WHAT IS BEING ASKED |
Print out the data below in full and exactly, skipping the pictures.

SOURCE DATA |
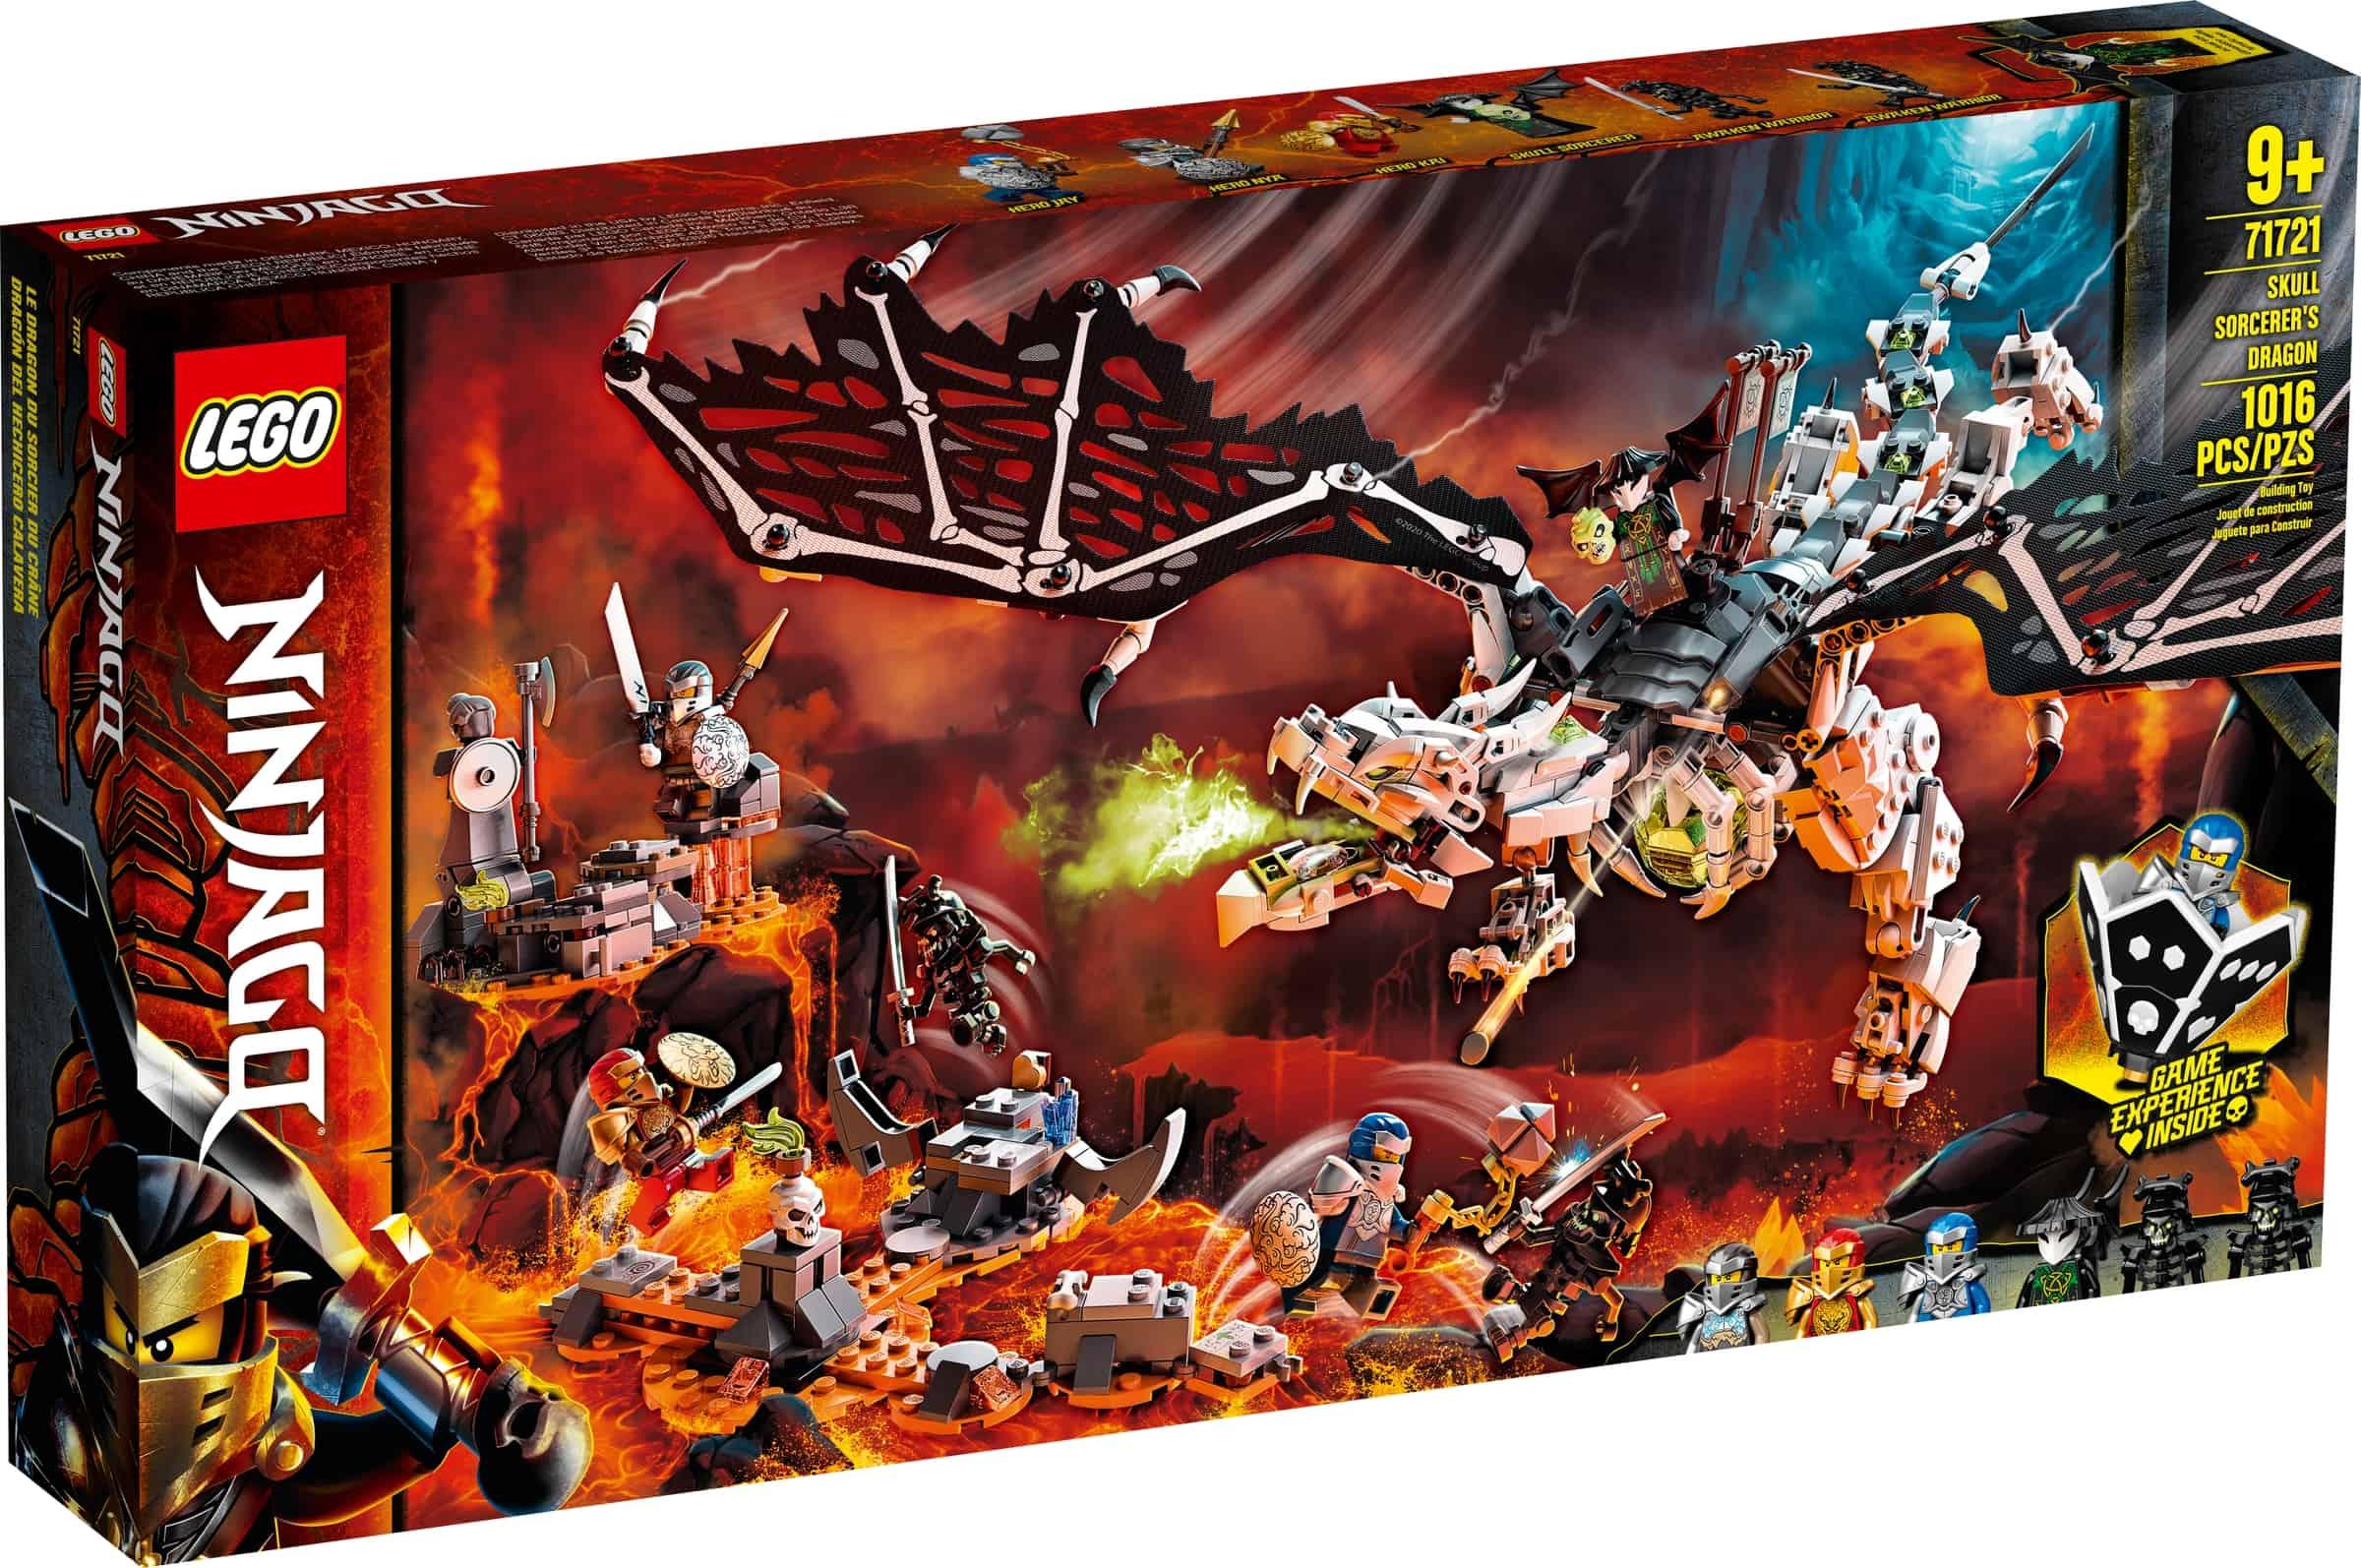 lego 71721 skalleheksemesterens drage
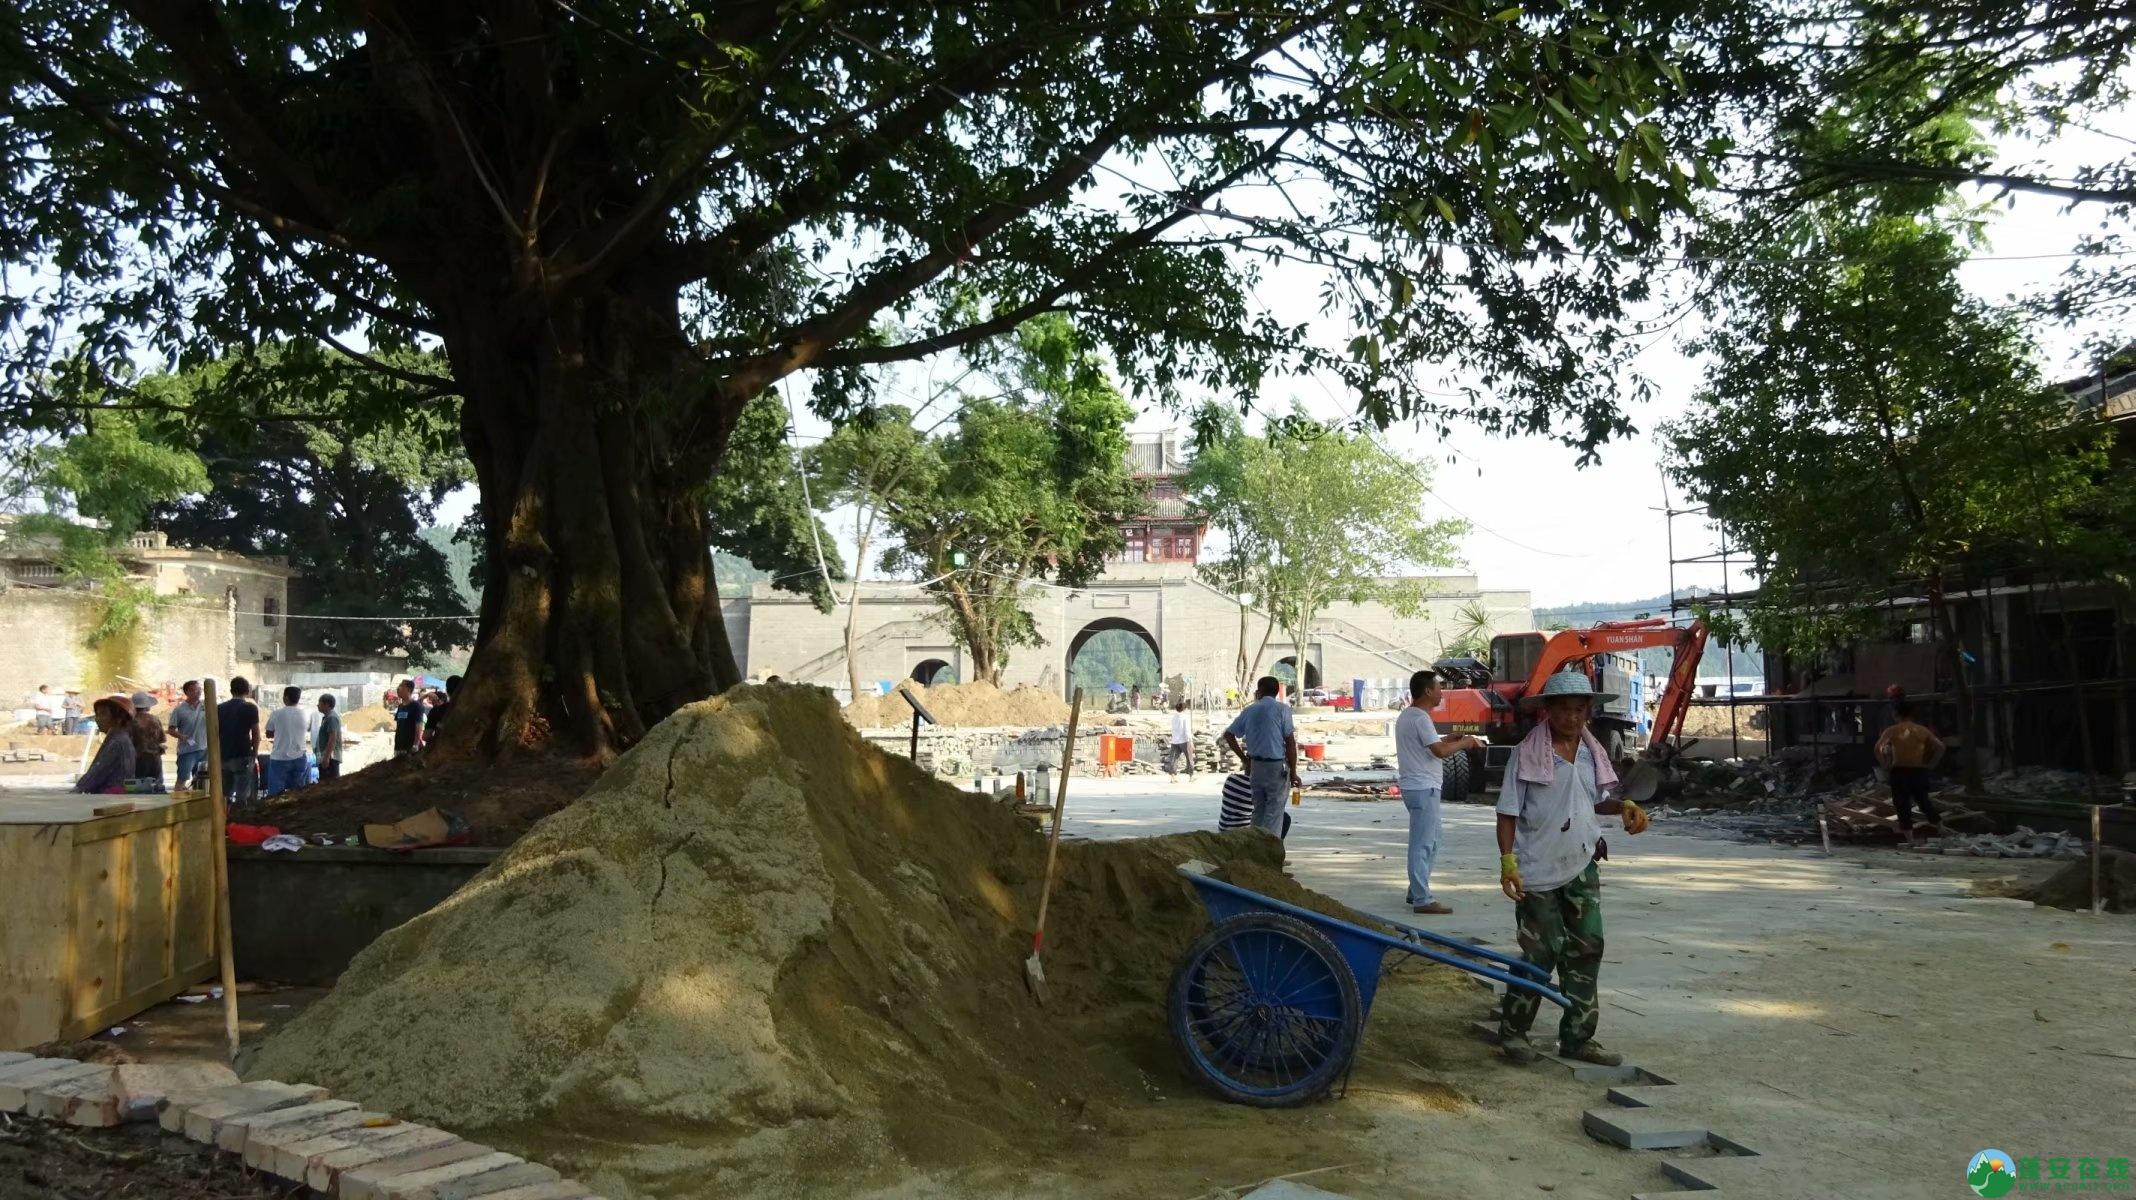 蓬安锦屏相如故城建设迅猛 - 第39张  | 蓬安在线
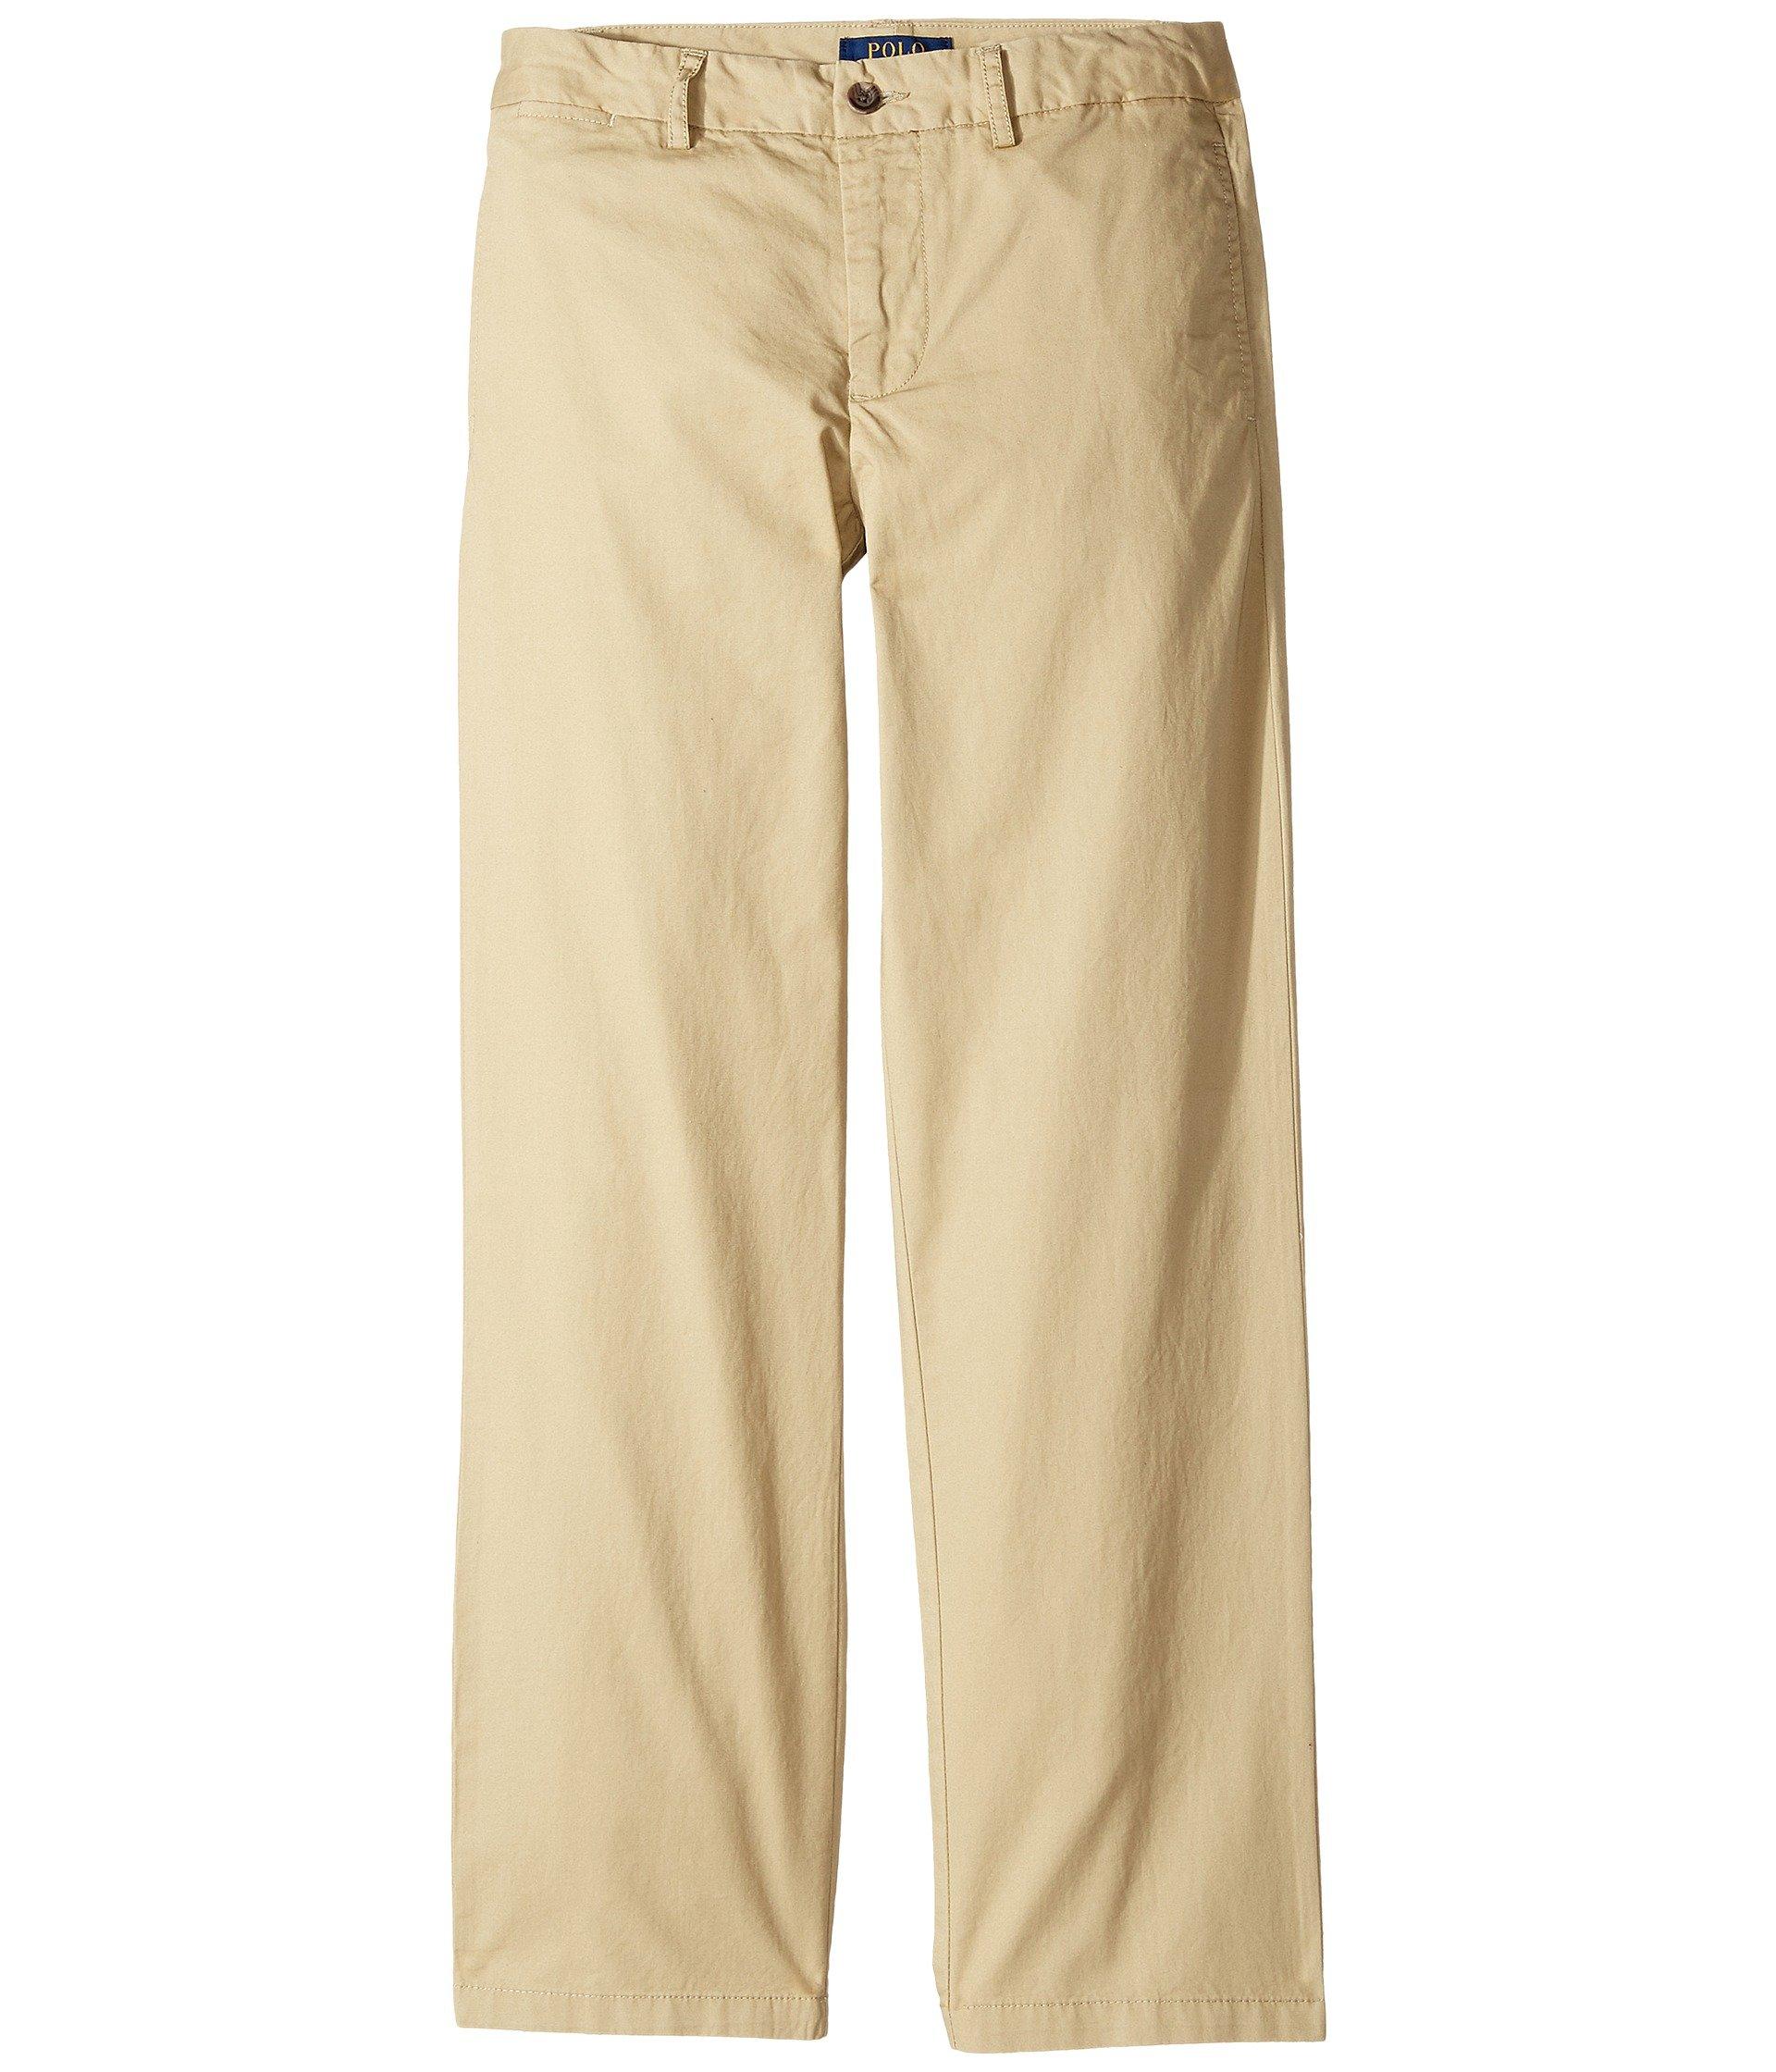 Polo Ralph Lauren Boys Chino Pants (20, Khaki) by Polo Ralph Lauren

EXERCISE SOLUTION |
 lego 71721 skalleheksemesterens drage
 蓬安锦屏相如故城建设迅猛 - 第39张  | 蓬安在线
 Polo Ralph Lauren Boys Chino Pants (20, Khaki) by Polo Ralph Lauren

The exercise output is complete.